NEARA recently acquired a new collection of letters, postcards, and personal papers belonging to Agnes Johnson (1903-2001) of Piggott, Arkansas. The collection was formally donated by Agnes’s great-granddaughter, Bess Wilhelms, but it was her grandchildren Allen Waldo and Lisa Waldo Wilhelms, who preserved it after Agnes’s death in 2001.
Agnes was born in November 1903 in Stoddard County near Bloomfield, Missouri, to Dr. John Bess and his wife Josie Lettie Bess. The Bess family moved to Piggott in 1918, when Agnes was 15 years old and her father set up a veterinary practice in town. Agnes lived in Piggott for over seventy years, where she went to school, got married and raised a daughter. It was in Piggott that Agnes wrote and received the letters and postcards, now in the collections of the Northeast Arkansas State Archives. She addressed most of them to her only child, Carolyn Bess Waldo and, later, to her grandchildren Allen and Lisa Waldo of Missouri, as well as to her siblings. In them she touched on daily life in Piggott and the love she had for her family.

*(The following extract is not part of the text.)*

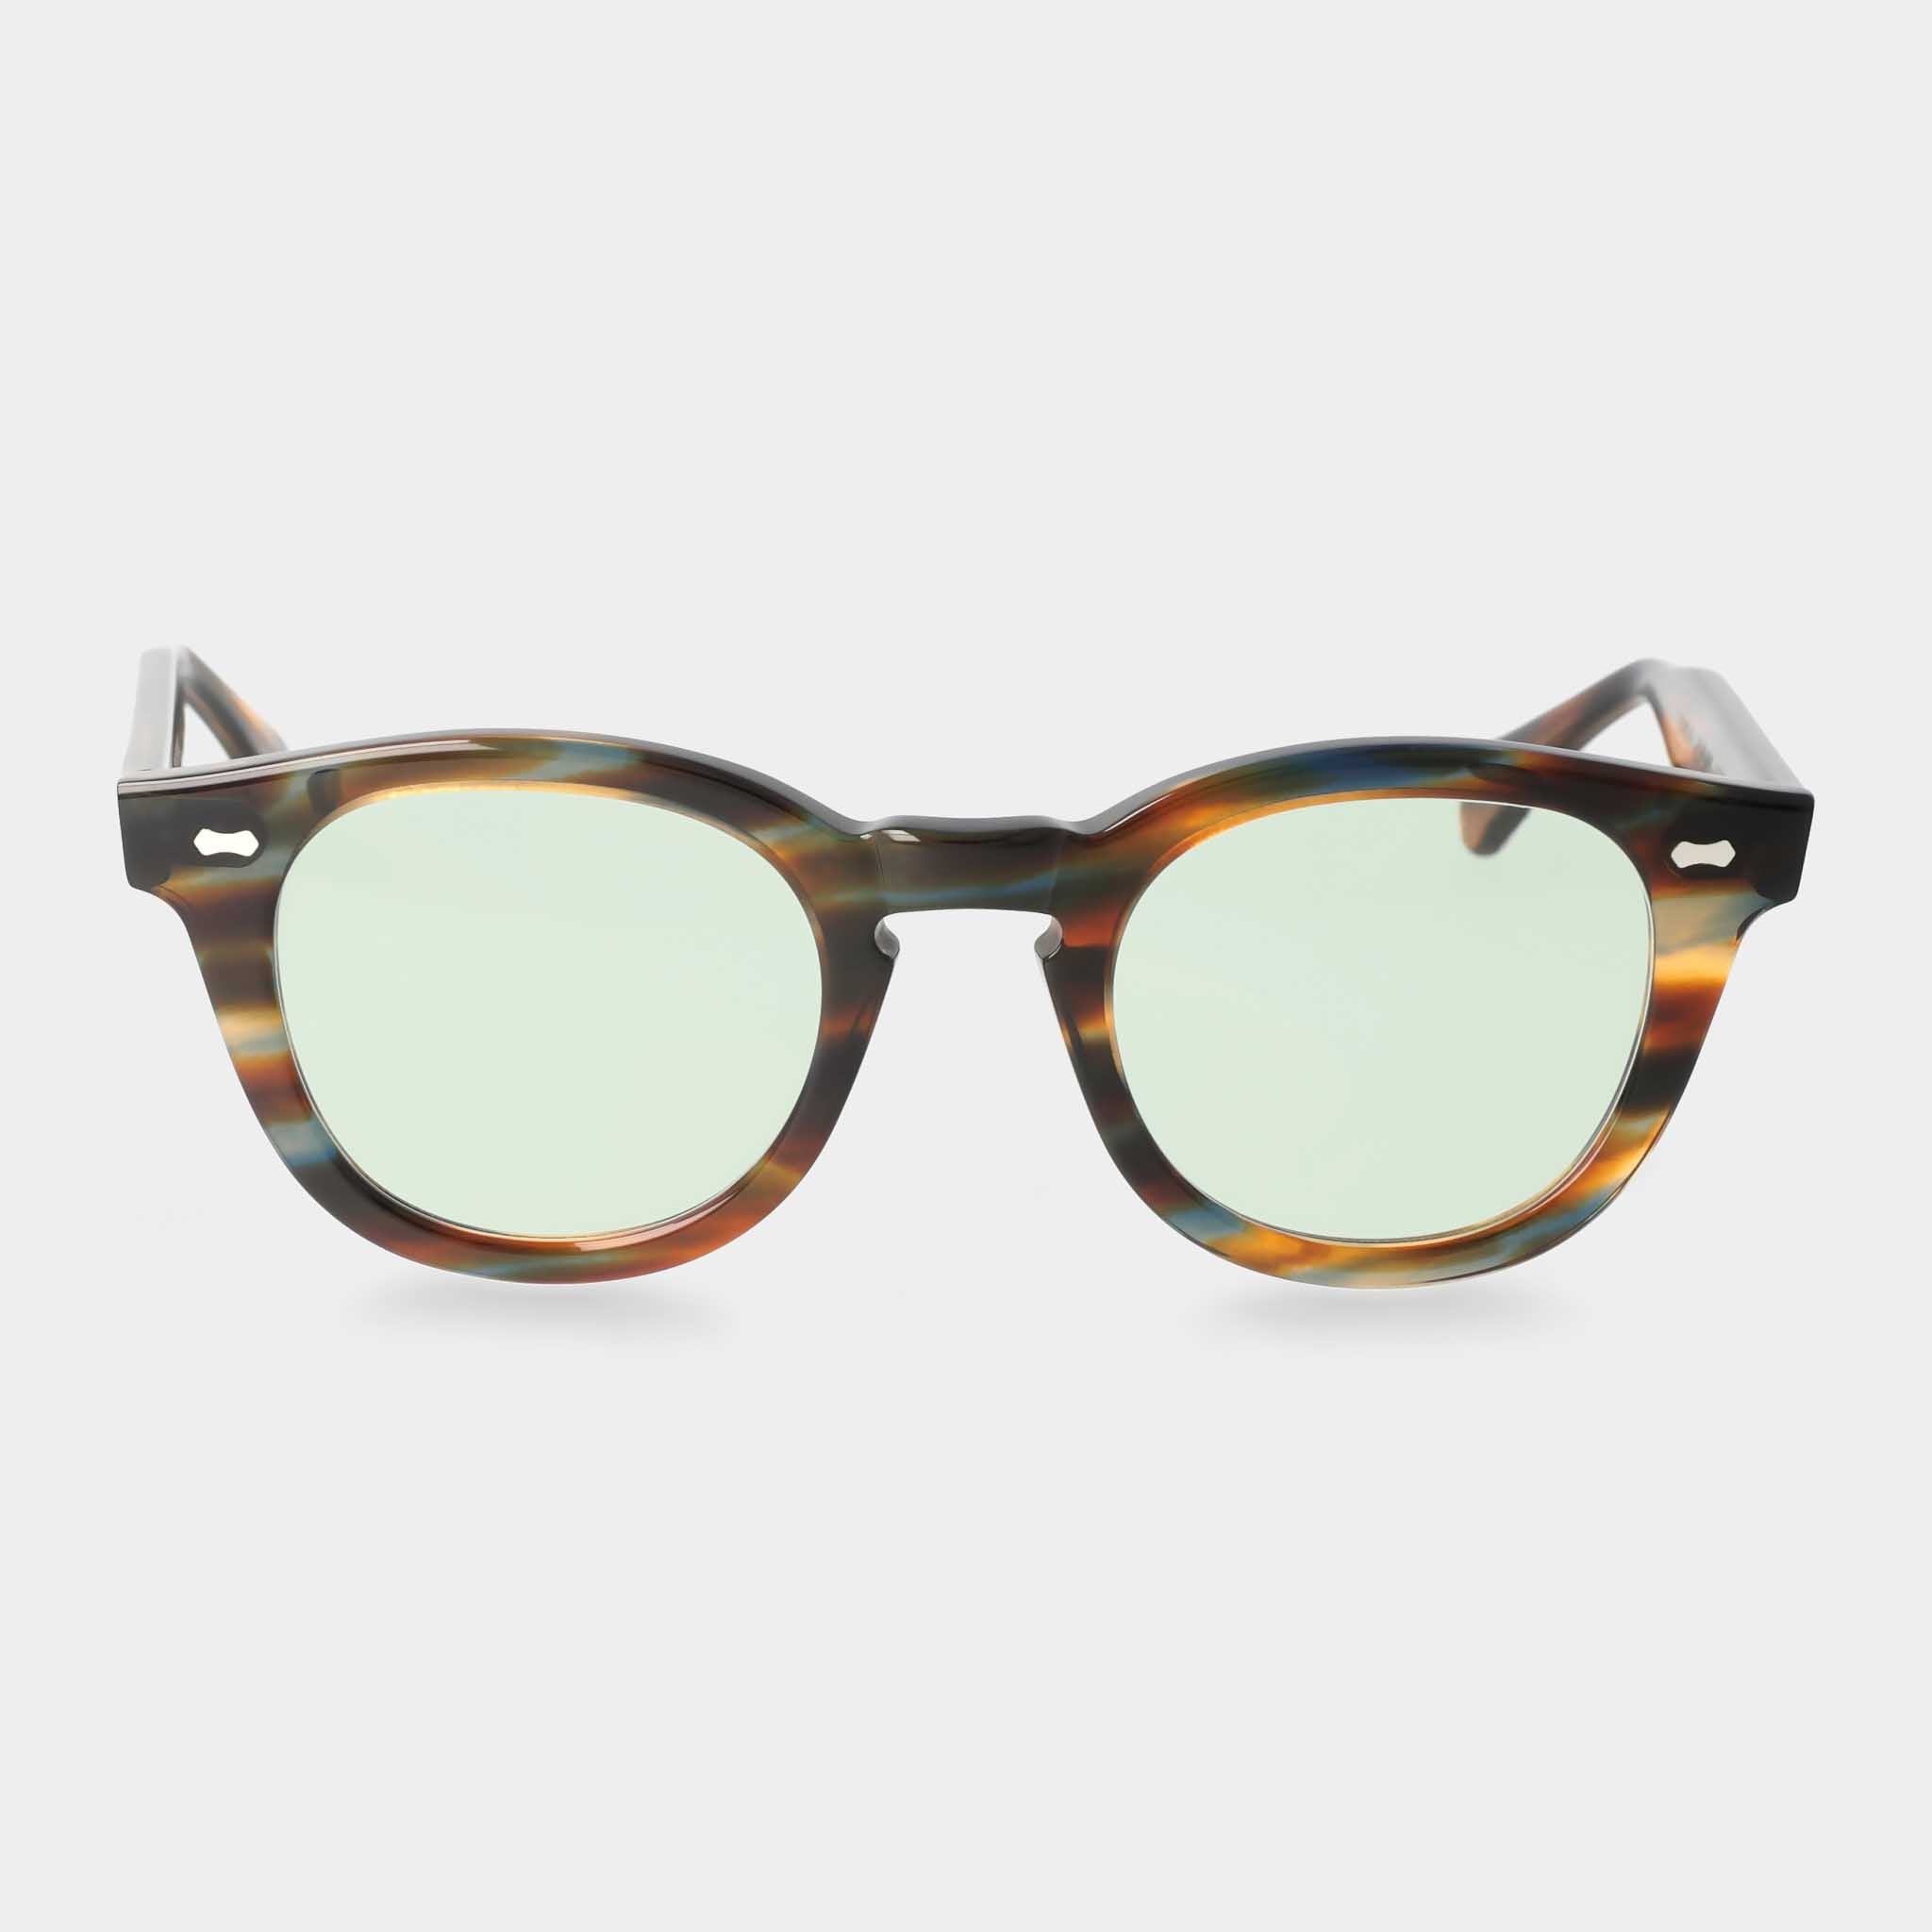 sunglasses-donegal-river-light-green-sustainable-tbd-eyewear-front

In 1924, at the age of 21, Agnes married Louis Johnson of Piggott; the couple celebrated their 50th wedding anniversary in 1974. According to granddaughter Lisa Wilhelms, Agnes grew up on a dirt road across the street from Louis, “who eventually would become the love of her life.” Agnes often told her family the story of how she and Louis “used to throw a ball across the road and play catch with each other as children.” “Papaw,” according to Allen Waldo, “was a bricklayer and … [h]e was involved in many of the brick buildings in and around Piggott.”

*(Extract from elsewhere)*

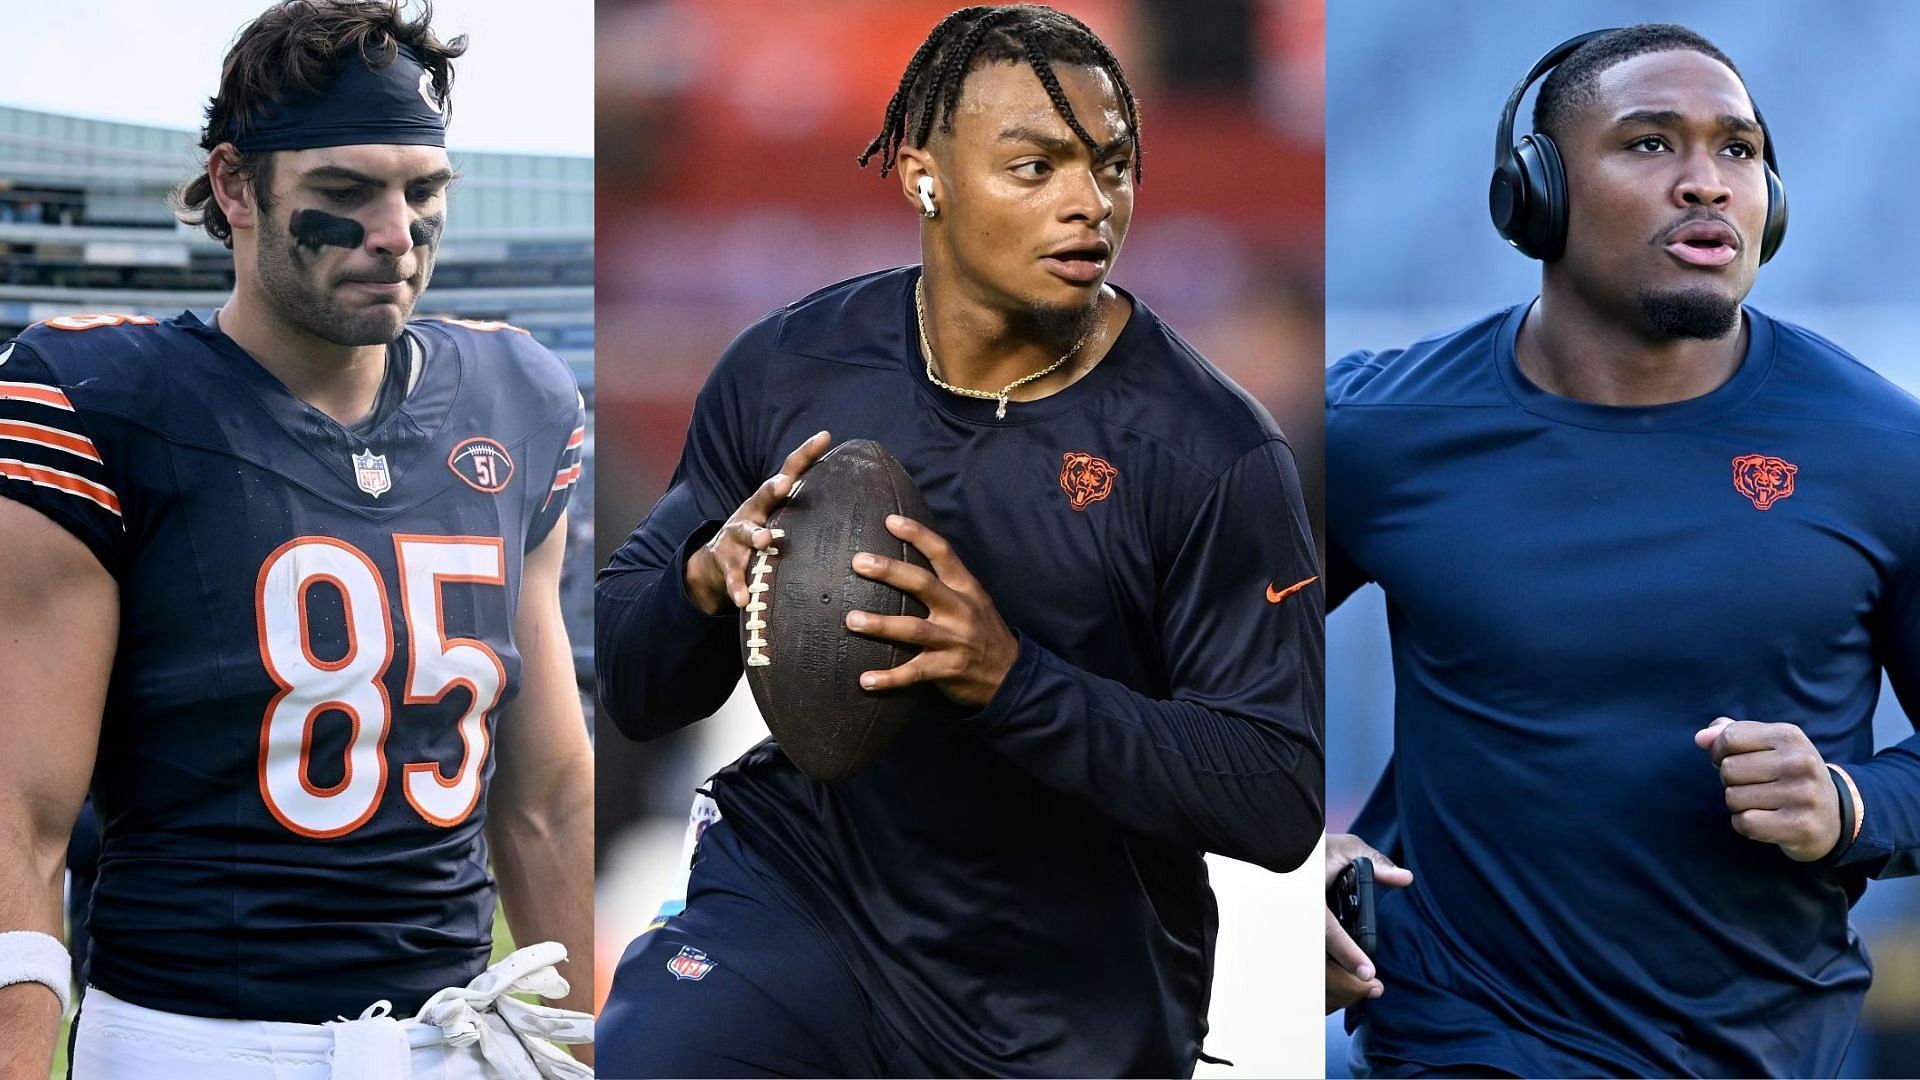 Chicago Bears players Cole Kmet, Justin Fields, and Khalil Herbert

Agnes was gainfully employed
outside the home for most of her adult life, too. For over forty years, she worked
in three historically significant department stores in Piggott: Tucker's Grand
Leader, Wall’s Department Store, and Janes’ Department Store. Some of Agnes’s
letters contain small samples of fabric, likely from textiles sold in these
stores, which she showed to her family members in case they wanted a dress or a
quit made from it. According to Lisa’s memories, “she loved working with people
and doing for others,” so her department-store career fit well with her
personality.
Lisa inherited and preserved many of the quilts her grandmother Agnes made. When Bess Wilhelms – Lisa’s daughter – first contacted NEARA about donating her great-grandmother’s correspondence, she also asked if we might be interested in her impressive collection of quits. NEARA is primarily an archive but we put Ms. Wilhelms in touch with a sister agency, the Historic Arkansas Museum in Little Rock. Currently, Lisa Waldo Wilhelms, her brother Allen, and her daughter Bess are in contact with museum staff about donating some of Agnes’s quilt work.
Agnes retired in 1969. It was in her retirement years that her letter-writing burgeoned. Granddaughter Lisa remembers:
She
was devoted to her husband and loved her family, as you can tell from the
number of letters included in the collection. I remember her sitting at her
desk sometimes in the evening writing letters to relatives. When my mother
[Carolyn] … moved “far away” to St. Louis, I think, the letters between them were
even more important to her [Agnes], given the high cost of a long-distance
telephone call.
For nearly five decades, Agnes
sent and received hundreds of letters and postcards. Many of them are now part
of the Agnes Johnson Papers, preserved at NEARA. A finding aid for the collection
will be available on the Arkansas State Archives’ website in the near future.